Each $1 increase in the price of a barrel of oil for a year yields $12 million in tax revenue for Louisiana, Albrecht said. However, a drop in natural-gas prices and taxable production has more than offset oil revenue gains, he said. Natural-gas futures touched $4.87 per British thermal unit in New York Jan. 24 before falling to a 15-week low of $3.73 per Btu on March 4. The most-active contract ended yesterday at about $3.86 per Btu.
Still Not Enough
“With the increase in crude oil, things are looking better, but so many other things are offsetting it that you can’t see it,” Albrecht said. “Even if we get another $100 million, it isn’t going to solve Louisiana’s budget problem.”
California, the state with the biggest population and the third-largest U.S. oil producer, doesn’t tax energy production.
In Oklahoma, the sixth-largest U.S. producer, current fiscal-year revenue from energy-extraction taxes was up 12 percent through February compared with a year earlier.
Alaska, the second-largest U.S. oil producer, gets about 87 percent of its general-fund revenue from energy-extraction taxes. The Revenue Department projected receipts to reach about $4.7 billion this year on Nov. 26, basing the estimate on an average oil price of about $78 a barrel.
Since then, a rebellion in Libya, with the world’s ninth-largest crude reserves, sent Alaska North Slope oil spot prices up 43 percent to a high of $118.05 a barrel March 7. It averaged $92.56 in January, the highest level since February 2008.
North Dakota, the fourth-largest producer, will get $181,000 in additional daily revenue from each $5 increase in the price of oil, based on January’s output levels, said Cory Fong, the state’s tax commissioner.
“It’s not all good news because our agriculture producers have to pay higher prices for fuel and fertilizer,” Fong said. “It’s good news for state revenue but bad news for most of the people in the state.”
While the gains will help ease financial pressures on energy producers, it won’t cure underlying fiscal ills, oil-state officials and economists said. A sustained period of relatively high crude prices also may cut consumer spending and employment, offsetting gains from taxes on energy production.
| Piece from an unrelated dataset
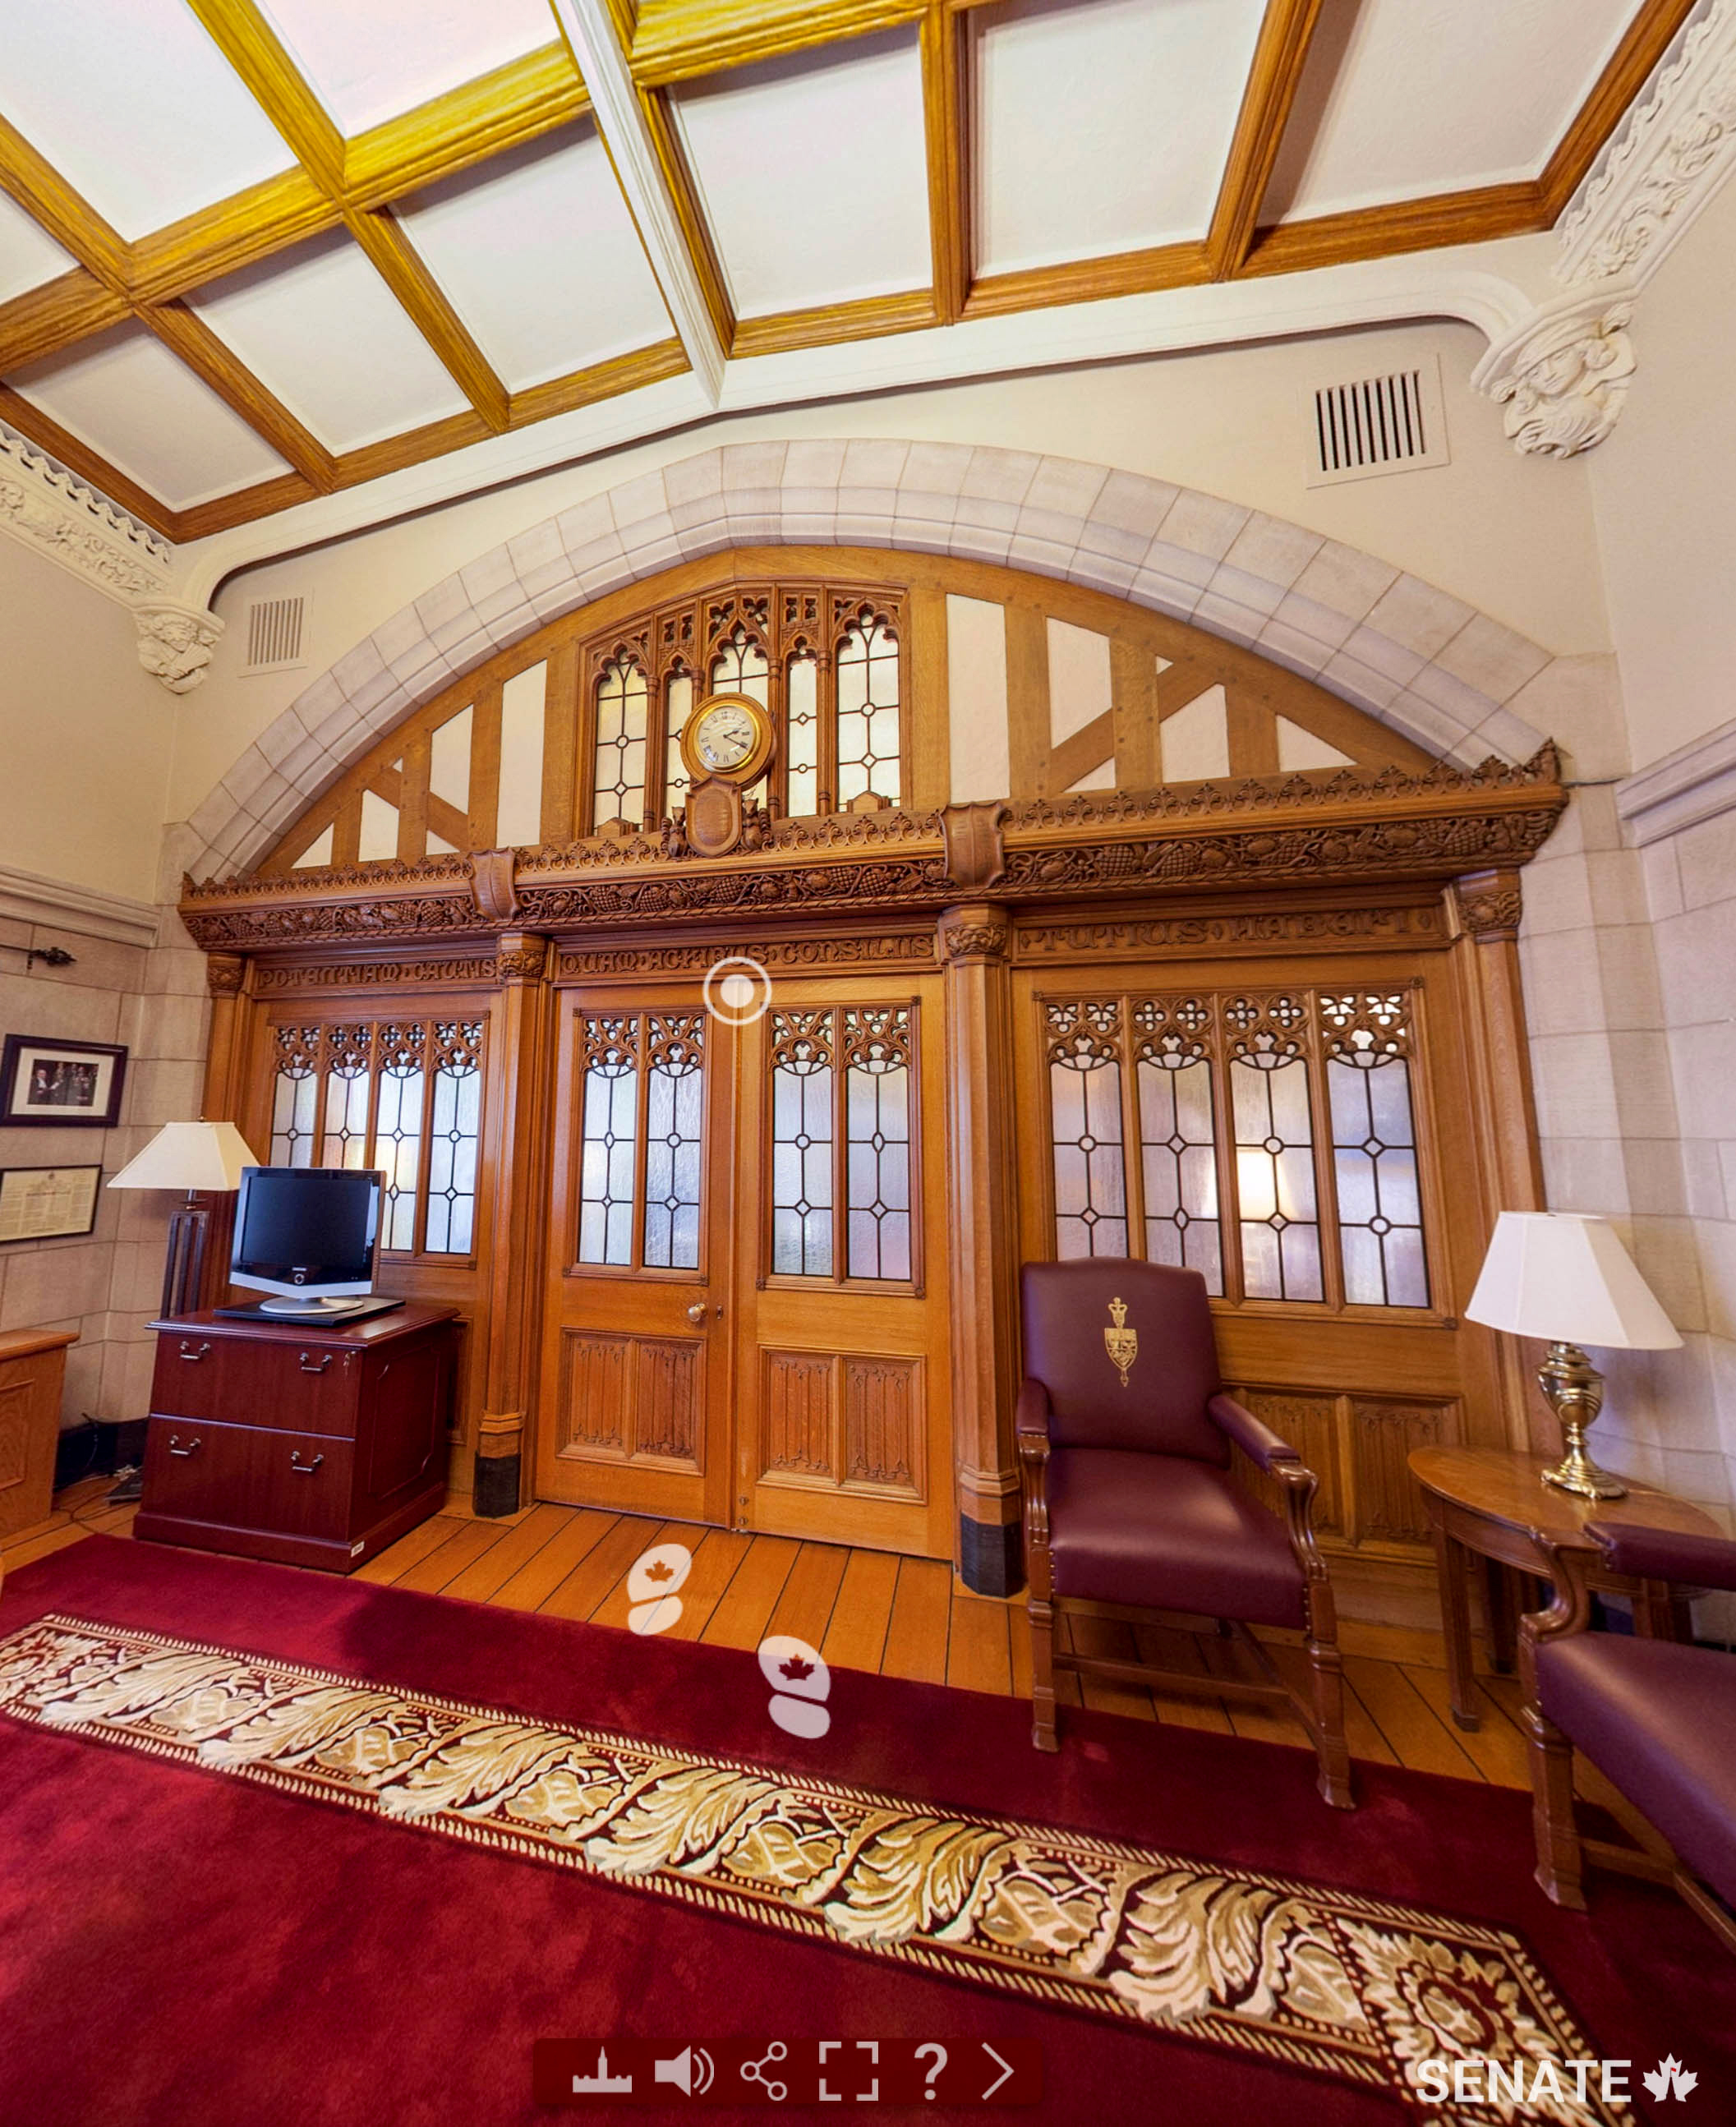 The expanded Senate Virtual Tour includes the chambers of the Speaker of the Senate.

“We don’t celebrate when gasoline prices are $4 and $5 a gallon,” said Alaska Governor Sean Parnell, a Republican, in an interview last month in Washington.
Oil at more than $100 a barrel for a sustained period will push up fuel costs to the point where consumers will cut back spending and that may erode U.S. gross domestic product, researchers at IHS Global Insight said in a Feb. 24 report.
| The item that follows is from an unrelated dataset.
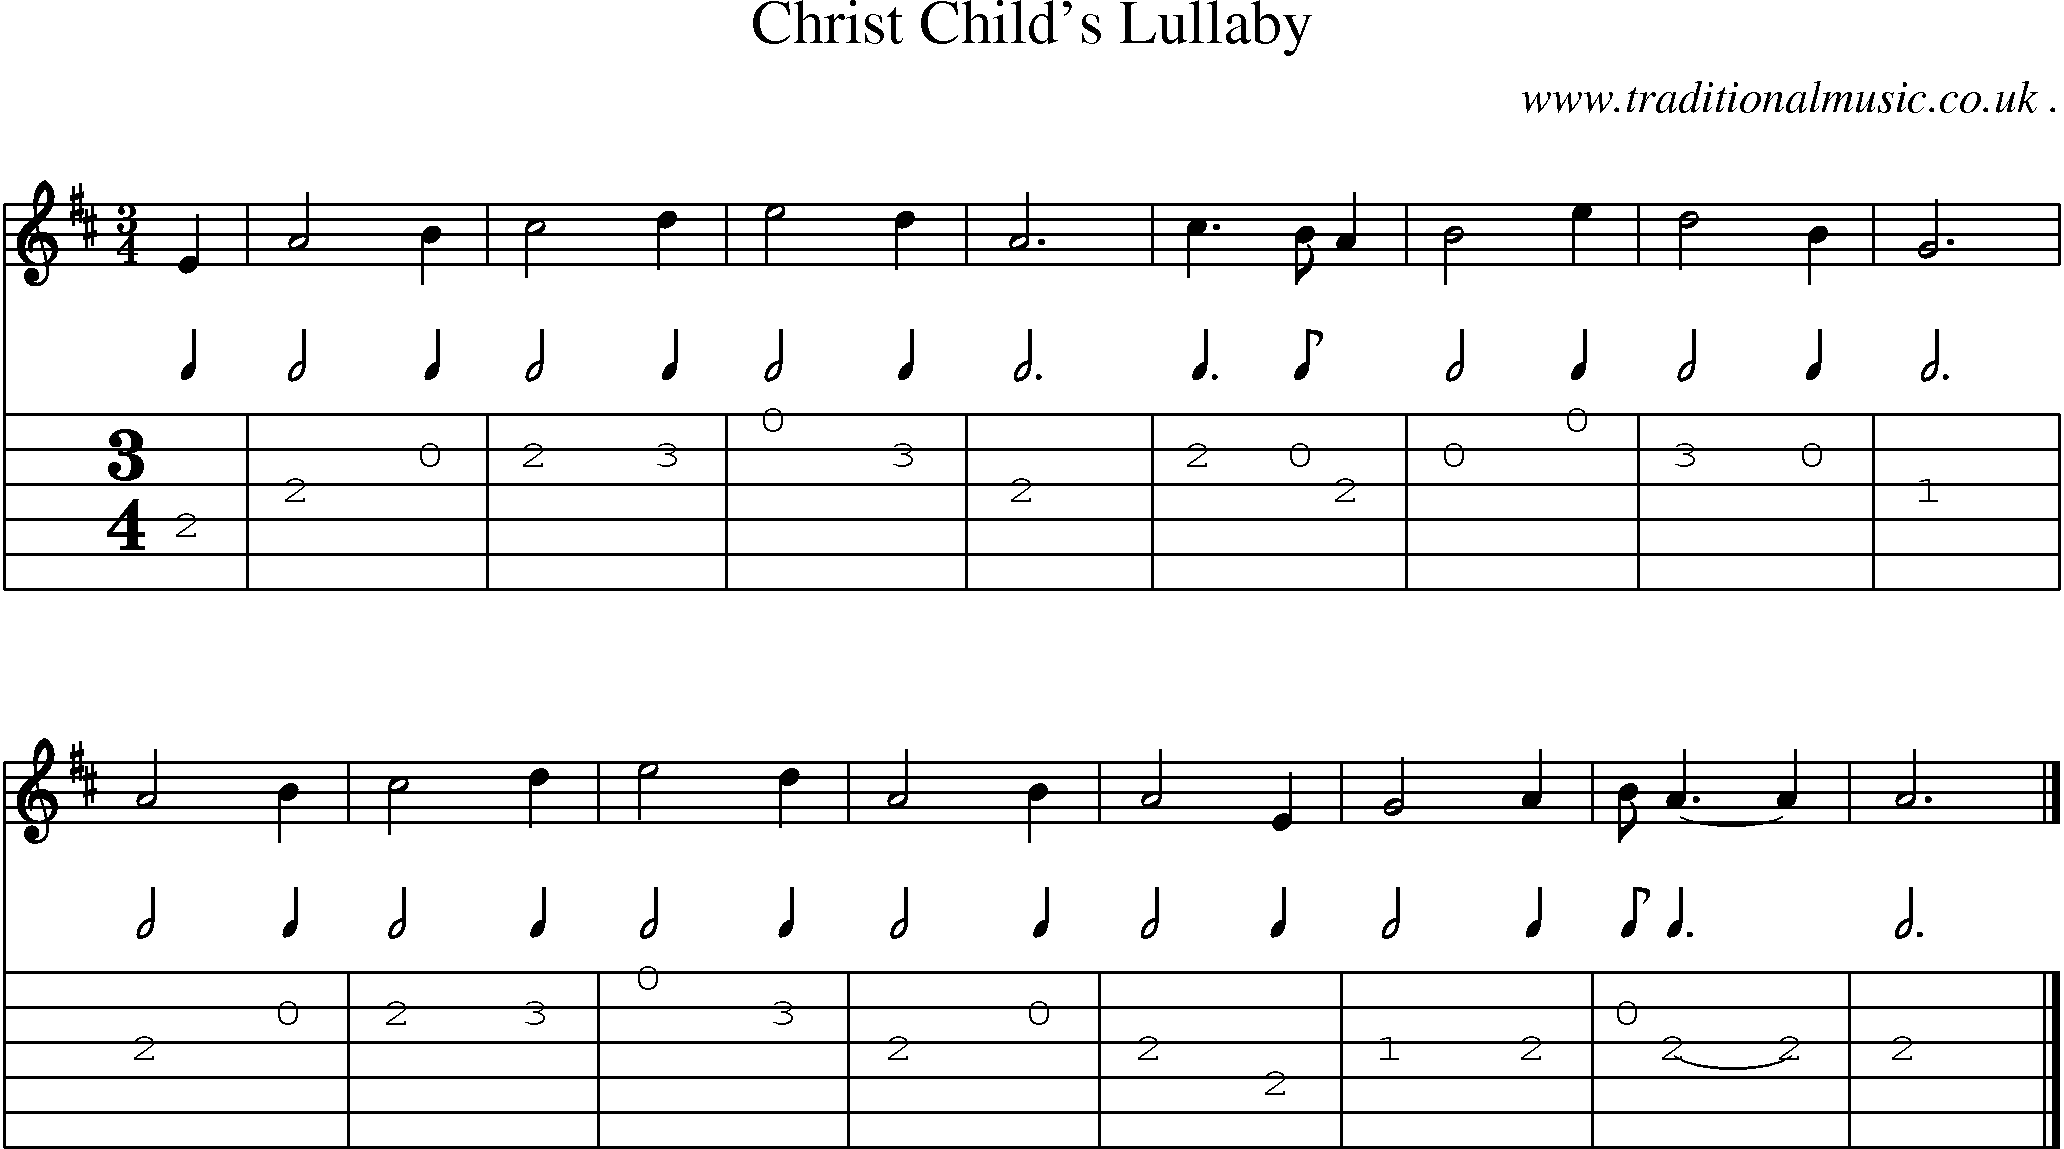 Sheet-music  score, Chords and Guitar Tabs for Christ Childs Lullaby

A 30 percent increase in the price of gasoline to $3.60 a gallon may trigger reduced consumption, Natalie Cohen, a Wells Fargo Securities analyst in New York, said yesterday by e-mail.
“A reduction in vehicle miles driven could have consequences for gas-tax bonds and toll roads and put additional strain on municipal budgets that use the gas tax for road construction and repair,” Cohen said.
A rise in North Sea Brent crude of $15 a barrel for a year may cut U.S. GDP growth by 0.3 percentage point, Lexington, Massachusetts-based IHS said. Brent futures closed at $113.06 yesterday in London, after averaging about $84 in 2010.
“With the current prices, we would be looking at a surplus and good cash flows,” said Jerry Burnett, an Alaska Revenue Department deputy commissioner. “It’s definitely good for our budget, but it’s not good for our citizens. We are concerned about people having to pay more at the pump.”